Títulos vs Corpo de notícia: um tratado de manipulação
Jornalismo

Títulos vs Corpo de notícia: um tratado de manipulação



Como no caso presente, são muitos os exemplos de notícias cujo título tem um intuito claro de desviar atenções ou induzir o leitor numa conclusão, que até pode ser contraditória com a “verdade” da notícia em si.
 
Este título, escolhido para noticiar o encontro PPC / Hollande, é exemplar do jornalismo manhoso e manipulador que temos. O título, para quem não ler a notícia e atendendo lenga-lenga dos "defensores da austeridade" vs "defensores do crescimento", que domina a agenda noticiosa em Portugal, leva alguns a concluir que Hollande fez uma crítica à governação de PPC, quando se trata do inverso, elogiou-a.
 
As críticas referem-se à gestão ”pré-troika”, ou seja, a governação socialista de Sócrates.
 
Elogioso em relação aos resultados do programa de ajustamento em Portugal, o Presidente François Hollande disse esta tarde, no Eliseu, numa conferência de imprensa conjunta com o primeiro-ministro Passos Coelho, que Portugal não é um exemplo a seguir no combate aos défices e no controlo da dívida…
Põe-me a questão de saber se a França poderia seguir o exemplo de Portugal... Não! Porque os níveis da dívida não são comparáveis, porque as situações económicas são diferentes... mas é porque queremos evitar chegar a essas soluções [de cortes nos salários, nas pensões...] que é preciso encarar o problema o mais rapidamente possível e o mais eficazmente possível", explicou o Presidente Francês. "Eis a razão pela qual nós mesmos, em França, reduzimos o nosso défice, controlámos a nossa dívida e fizemos o esforço da competitividade... é melhor tomar as medidas antes porque, quando se espera demasiado, elas podem ser extremamente dolorosas""
 
Se um título deve resumir (ou pelo menos tentar...) o corpo de uma notícia, deveria ser algo do género:

“Hollande critica Sócrates e elogia Passos Coelho”

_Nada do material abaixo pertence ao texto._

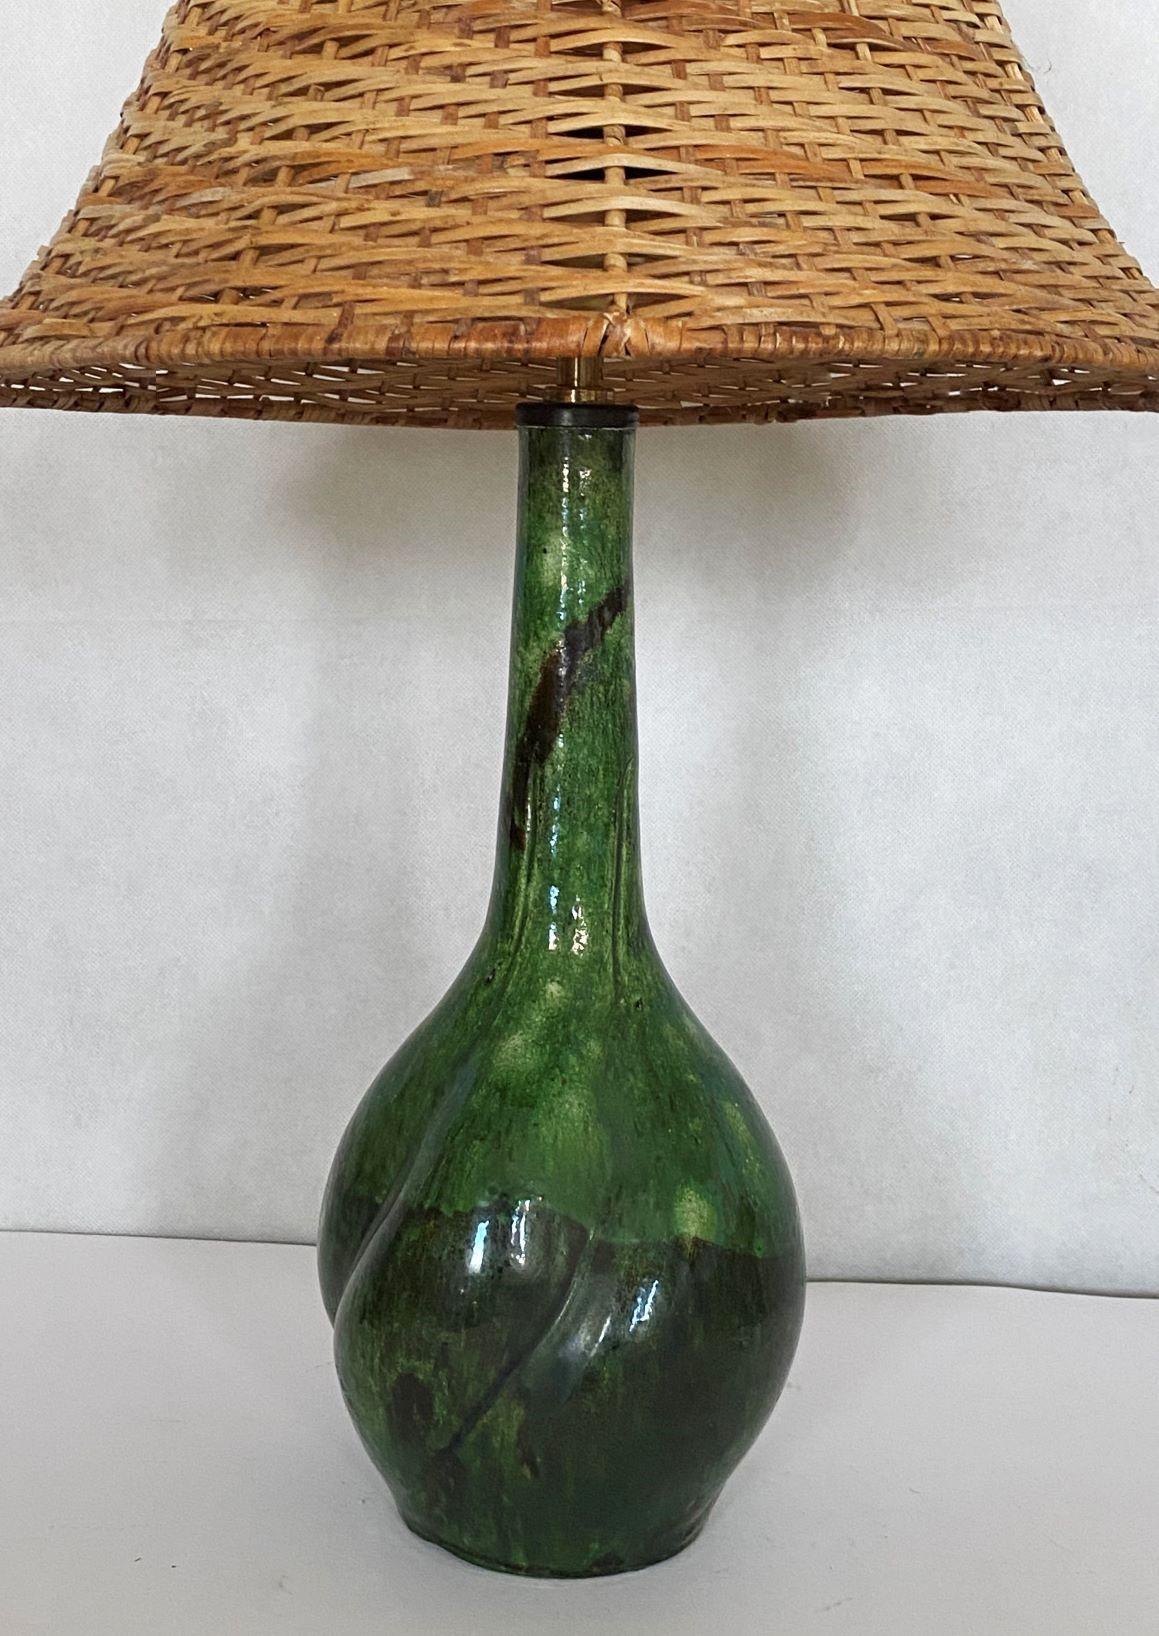 20th Century Danish Hand-Painted Glased Ceramic Table Lamp with Wicker Shade, 1960s For Sale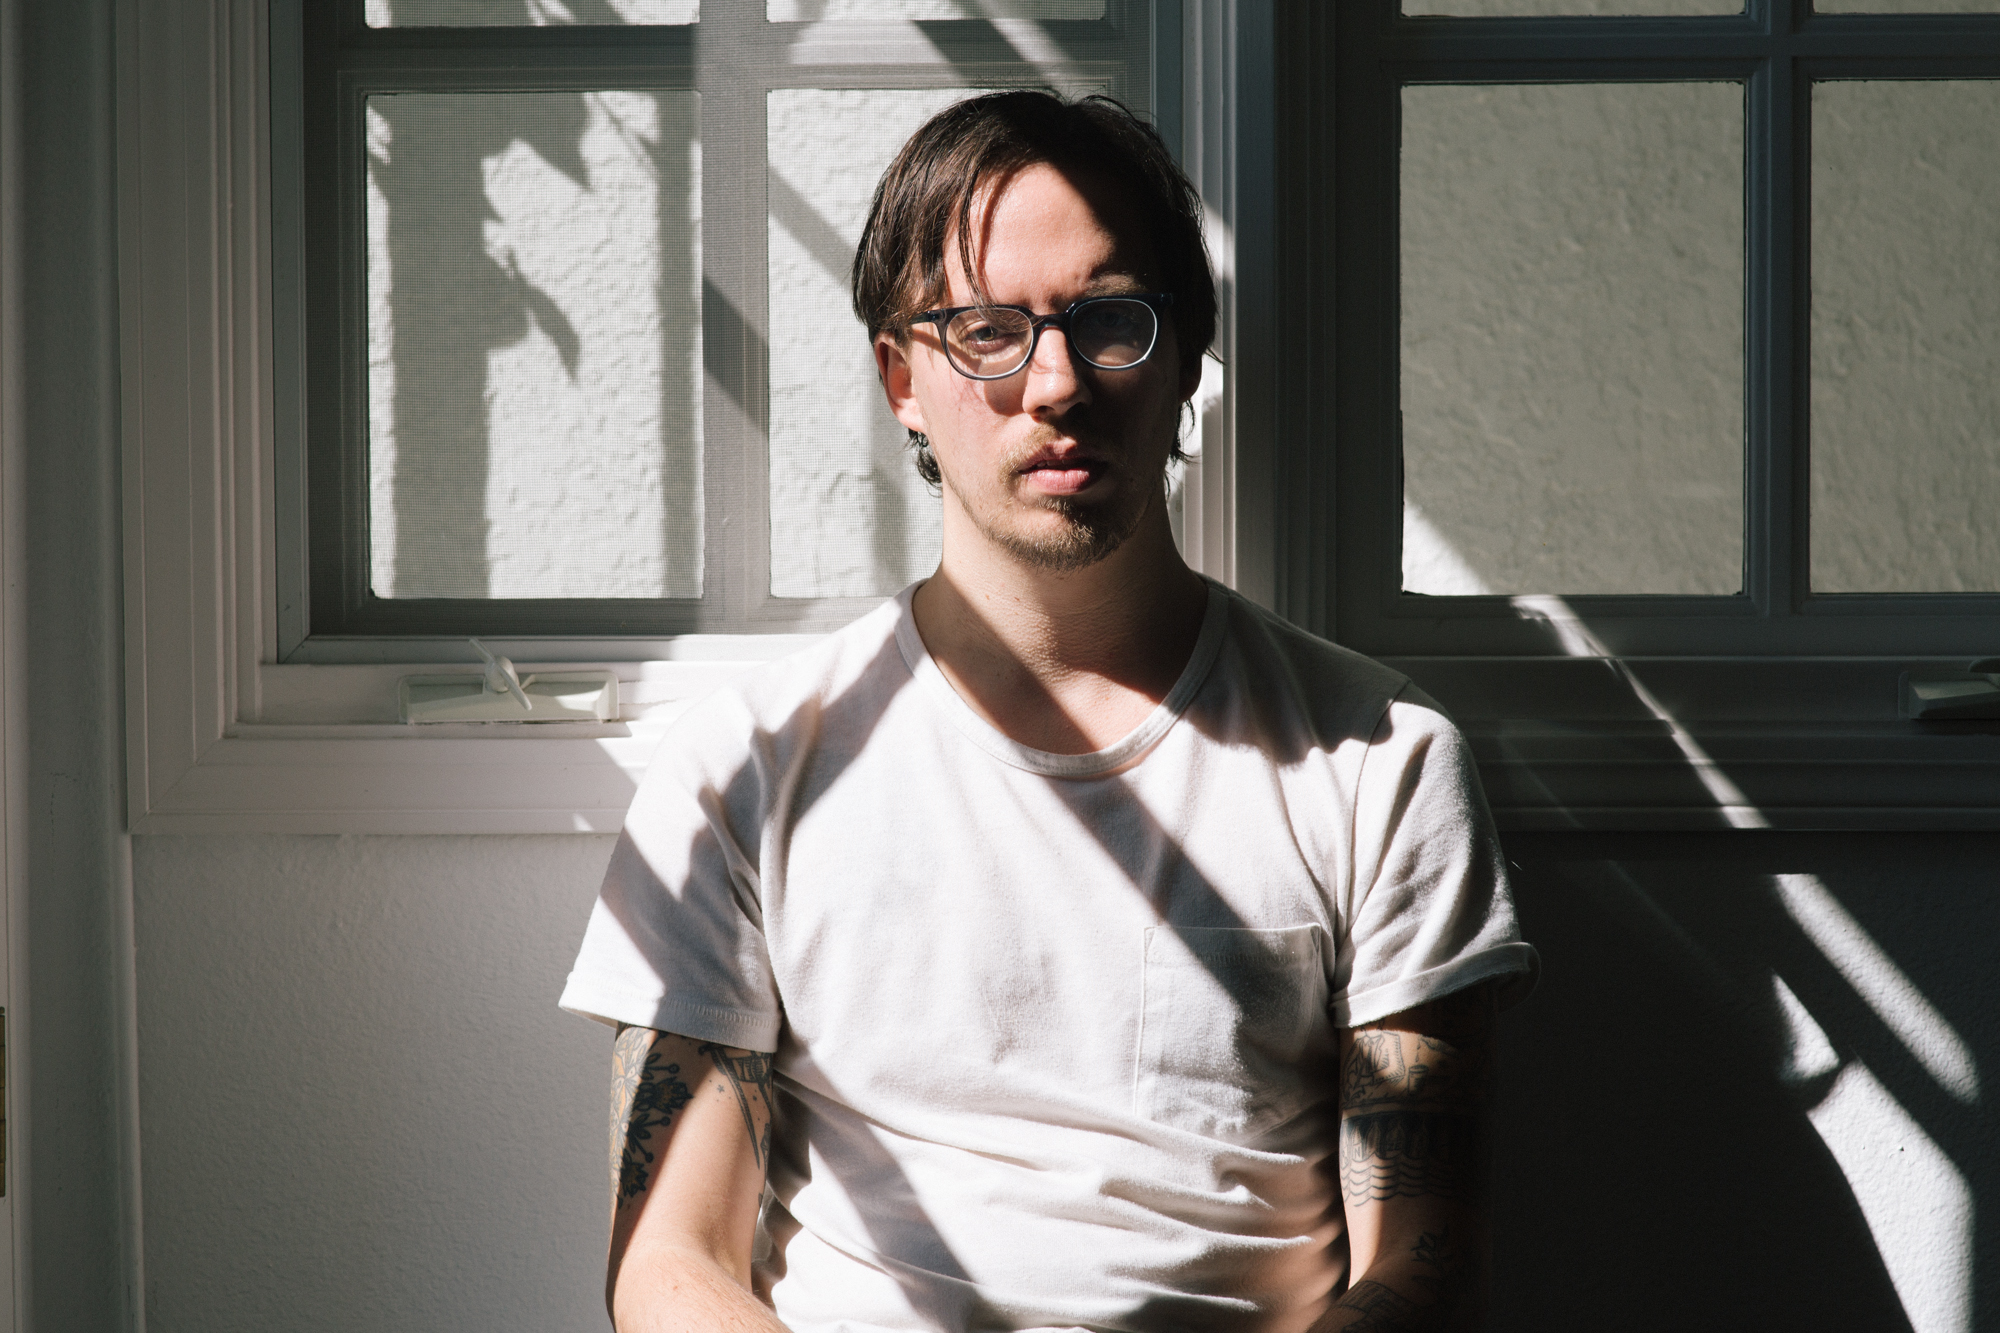 North Americans announces "Legends" for Driftless Recordings, shares new track "Lux."

Mas não, o Sr. Jornalista com uma foto de Hollande e Passos em fundo, preferiu o “Hollande diz que Portugal não é exemplo a seguir”.
 
Esta notícia e respectivo título, são também um bom exemplo de como muitos leitores, por ficarem apenas pela leitura do título, se deixam manipular por este jornalismo manhoso.... Não raras vezes, em conversas de café, por ex., e na sequência de algo que leram / ouviram na comunicação social, é frequente ouvir pessoas, com a maior das certezas, afirmarem ideias completamente contraditórias ou desfasadas da realidade do assunto em questão (nunca vos aconteceu?). Por vezes, tratam-se pessoas sem o mínimo de bom senso, fanáticas, irracionais, mas - descartando esses casos - há também os casos em que essas ideias assentam em muita desinformação que circula nos mídia. O blog já referiu casos destes, aqui por exemplo. 

Neste caso e para ilustrar como as pessoas são facilmente induzidas, vejam-se algumas reacções do “cidadão comum” a este mesmo título da notícia do Expresso, que transcrevo de redes sociais. Estes comentários (alguns verdadeiras pérolas …) só podem ser feitos por alguém que apenas leu o título da notícia e vive sob a influência do contexto criado pelo espaço noticioso que nos é servido diariamenete.

Sábio A: “grande chapada no bom aluno, no modelo de capacho que temos como 1º ministro...grande Hollande!”;
 
Sábio B:“AHAHHAHAHAHA Toma la Passos Coelho !!!!”,ou;
 
Sábio C:“Percebeste ó sho Passos? Es burro que nem um calhau...”

Obviamenete, depois de "levarmos" durante meses com o Dr. Seguro e a sua proximidade com as teorias “virtuosas do crescimento” de Hollande, por oposição às teorias “más da austeridade” de PPC (e Merkel) e num contexto de constante ataque ao actual governo, a escolha deste título só pode levar os mais distraídos a concluir que o recado do “Portugal não é exemplo a seguir”, seria certamente dirigido a Passos.
 
Porque se esconde a crítica de Hollande aos socialistas?! Isto é Jornalismo sério, a quem serve este frete? E, já agora, não é jornalisticamente relevante ir questionar Seguro sobre a (nova?) posição de Hollande!? Então, depois de os Srs. Jornalistas andarem meses à volta do "Salvador Hollande", de “Hollande, o crescimentista”, não acham que estas suas declarações, onde sublinha a importância do controlo da dívida e do défice, não são importantes!?
 
Será que alguém, vai colocar ao Dr. Seguro a seguinte questão:

“Como reage às palavras de Hollande, onde deixou críticas à gestão socialista e elogios à governação de Passos Coelho?"